Monday, January 16, 2012

Art Brut

Art Brut ("Raw Art" or "Rough Art" in French) is a label created by French painter Jean Dubuffet to describe art created outside the boundaries of official culture. Dubuffet focused particularly on the art of the insane. The English term "Outsider Art", which is synonym for the Art Brut, is often applied more broadly, to include certain works of non-professional artists, who intentionally or not had created original art uninfluenced by the canon.

Interest in the art of insane asylum inmates had begun to grow in the 1920s. In 1921 Dr. Walter Morgenthaler published his monograph about Adolf Wölfli, a psychotic mental patient in his care. Wölfi had spontaneously taken up drawing, and this activity seemed to calm him. His most outstanding work is an illustrated epic of 45 volumes in which he narrates his own imaginary life story. With 25000 pages, 1600 illustrations, and 1500 collages it is a monumental work.

Dubuffet was particularly struck by Dr. Morgenthaler's publication and began his own collection of such art, which he called Art Brut or Raw Art. In 1948 he formed the Compagnie de l'Art Brut along with other artists including André Breton. The collection he established became known as the Collection de l'Art Brut. It contains thousands of works and is now permanently housed in Lausanne.

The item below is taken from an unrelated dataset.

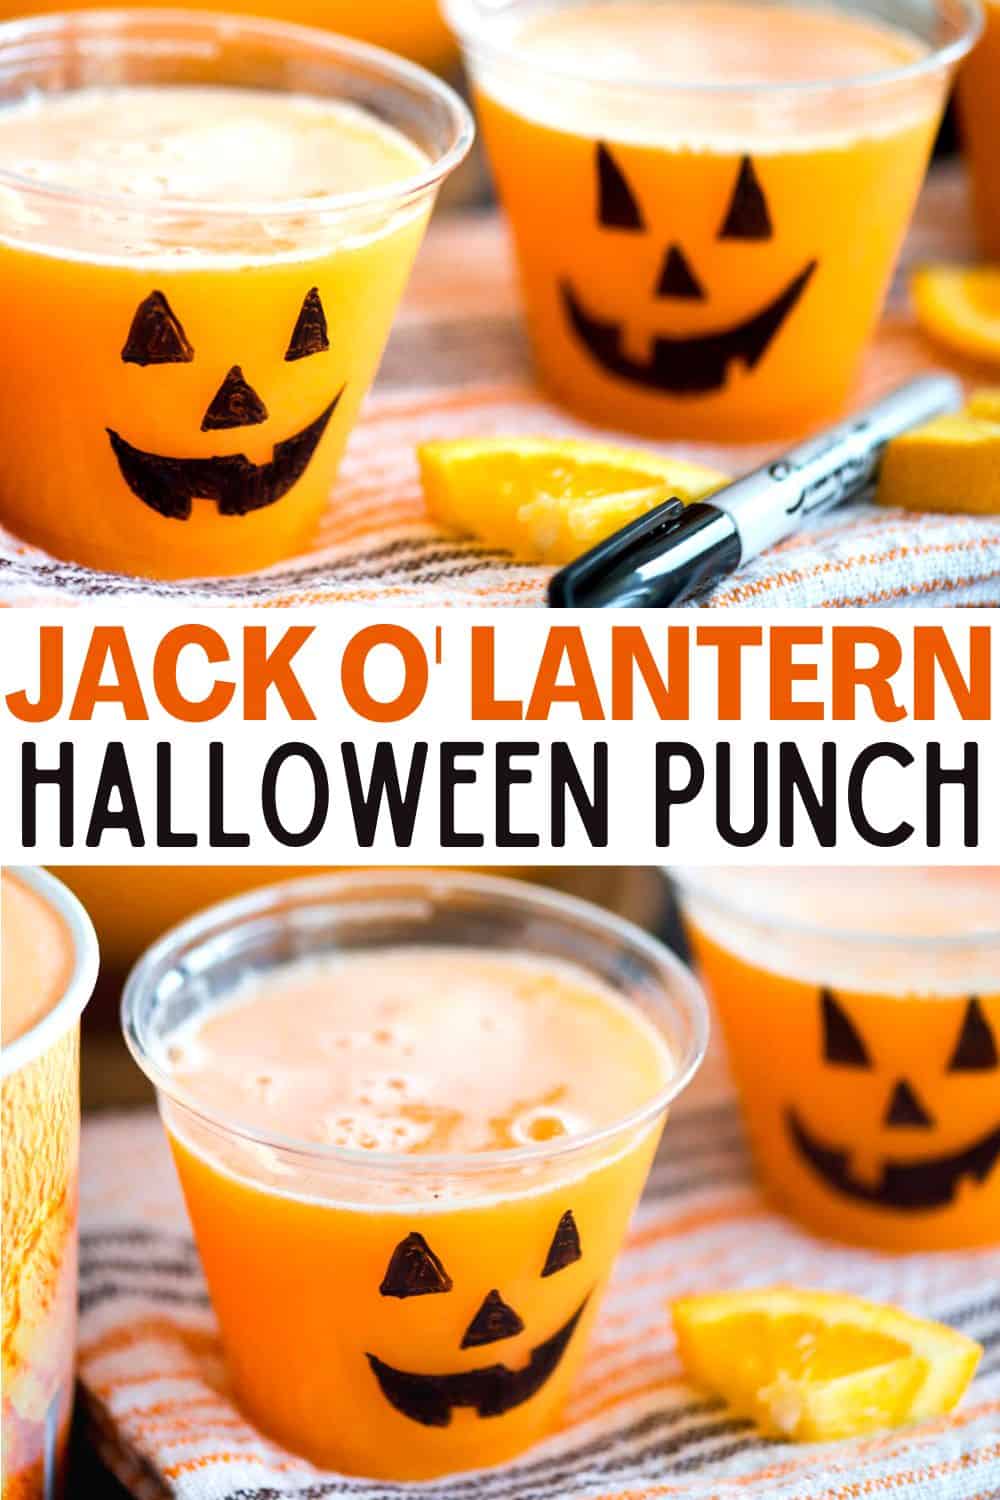 This fizzy, kid-friendly, non-alcoholic Halloween punch is simply made of fruit juice, soda, and orange sherbet. Ready in just minutes!

Dubuffet characterized Art Brut as: "Those works created from solitude and from pure and authentic creative impulses - where the worries of competition, acclaim and social promotion do not interfere - are, because of these very facts, more precious than the productions of professions. After a certain familiarity with these flourishing of an exalted feverishness, live so fully and so intensely by their authors, we cannot avoid the feeling that in relation to these works, cultural art in its entirety appears to be the game of a futile society, a fallacious parade."

Dubuffet argued that 'culture' that is mainstream culture, managed to assimilate every new development in art, and by doing so took away whatever power it might have had. The result was to asphyxiate genuine expression. Art Brut was his solution to this problem - only Art Brut was immune to the influences of culture, immune to being absorbed and assimilated, because the artists themselves were not willing or able to be assimilated.